Set up a logical streaming replica

Use Xata's streaming replication to keep your database continuously synchronized with real-time changes.

This guide shows you how to set up continuous logical streaming replication from your production PostgreSQL database to Xata, enabling real-time data synchronization with optional anonymization.

Setting up streaming replication to Xata

1. Prerequisites

  • A Xata account (sign up here)
  • The Xata CLI installed:
    curl -fsSL https://xata.io/install.sh | bash
  • A PostgreSQL database with:
    • Logical replication enabled
    • Role with permissions to create a replication slow (xata clone stream command does that automatically)
    • Network connectivity from Xata to your database

2. Enable logical replication on source database

First, ensure your source PostgreSQL database has logical replication enabled. You'll need to set these parameters:

-- Check current settings
SHOW wal_level;
SHOW max_replication_slots;
SHOW max_wal_senders;

If not already configured, update your PostgreSQL configuration:

ALTER SYSTEM SET wal_level = logical;
ALTER SYSTEM SET max_replication_slots = 10;
ALTER SYSTEM SET max_wal_senders = 10;

Restart your PostgreSQL instance for the changes to take effect.

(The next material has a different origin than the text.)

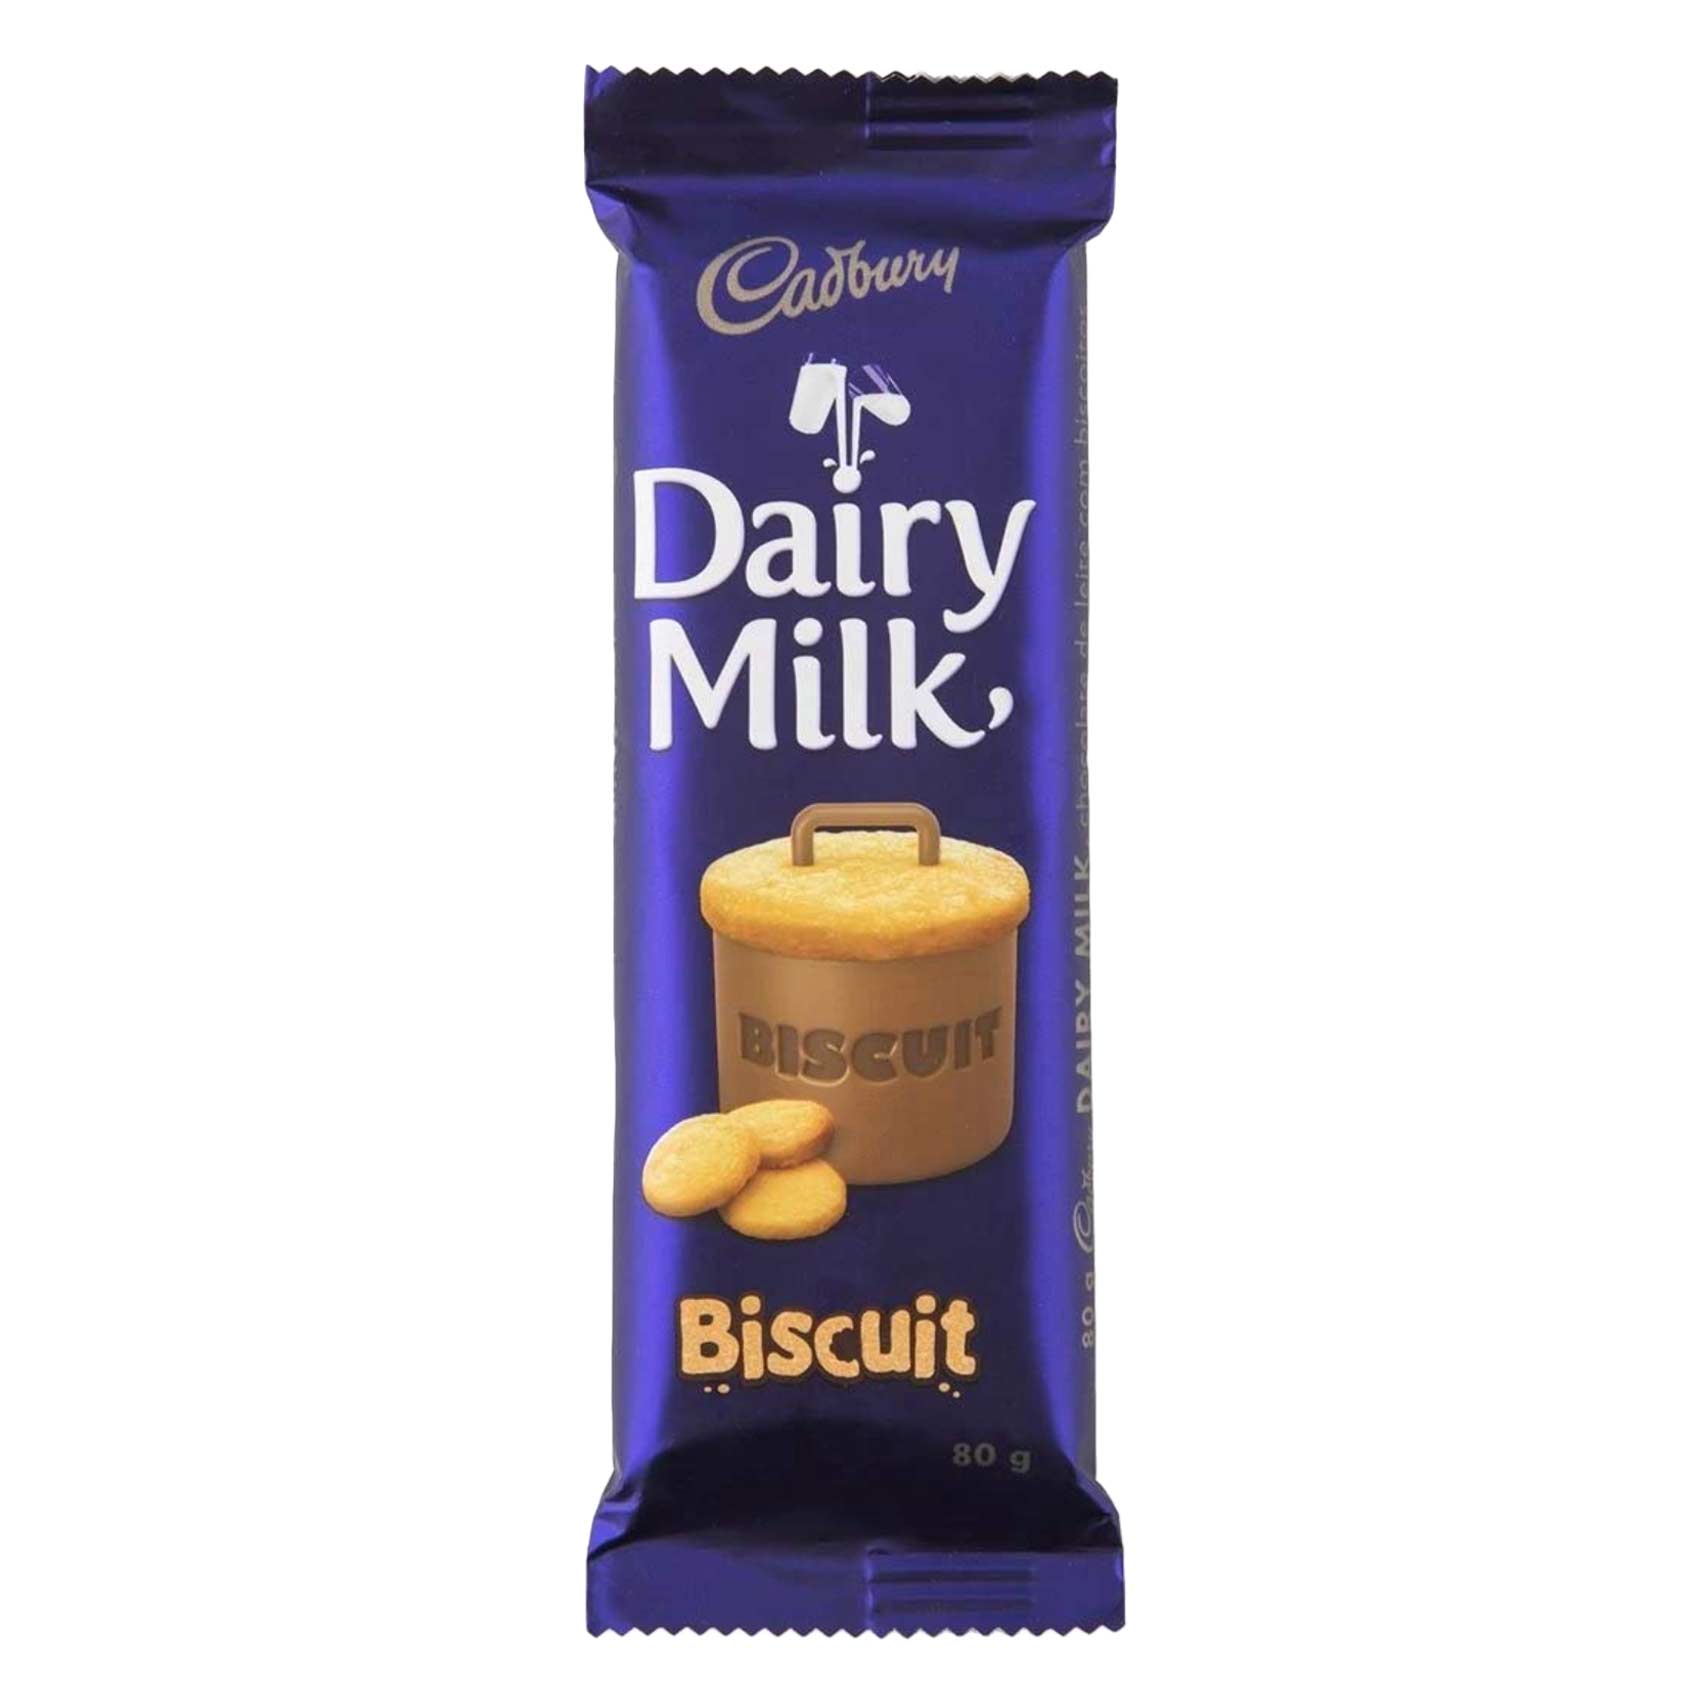 Cadbury Dairy Milk Biscuit Chocolate Bar 80g

3. Create a Xata project and branch

In the Console, create a new project and then click the Create main branch button to create the PostgreSQL instance.

For streaming replication, consider using at least 1 replica to ensure high availability during continuous synchronization. Select an instance size that can handle your expected write throughput.

Note: Streaming replication maintains a persistent connection to your source database. Ensure your network allows stable, long-lived connections between Xata and your PostgreSQL instance.

4. Configure the Xata CLI

Authenticate the CLI by running:

xata auth login

Initialize the project by running:

xata init

5. Configure streaming replication

Generate a configuration for the streaming process:

xata clone config --source-url $CONN_STRING

Where CONN_STRING is your PostgreSQL connection string with replication permissions.

The configuration prompt will ask you to:

  • Select tables to replicate
  • Set up transformation pipelines i.e. anonymization rules

This creates a configuration file at .xata/clone.yaml that you can further customize.

6. Initialize and start streaming

xata clone stream --source-url $CONN_STRING

This command will:

  • Create an initial snapshot of your specified tables
  • Set up the streaming pipeline
  • Begin continuous replication

7. Advanced configuration

Filtering specific tables

To stream only specific tables, use the --filter-tables flag:

xata clone stream --source-url $CONN_STRING \
  --filter-tables "users.*,orders.*,products.*"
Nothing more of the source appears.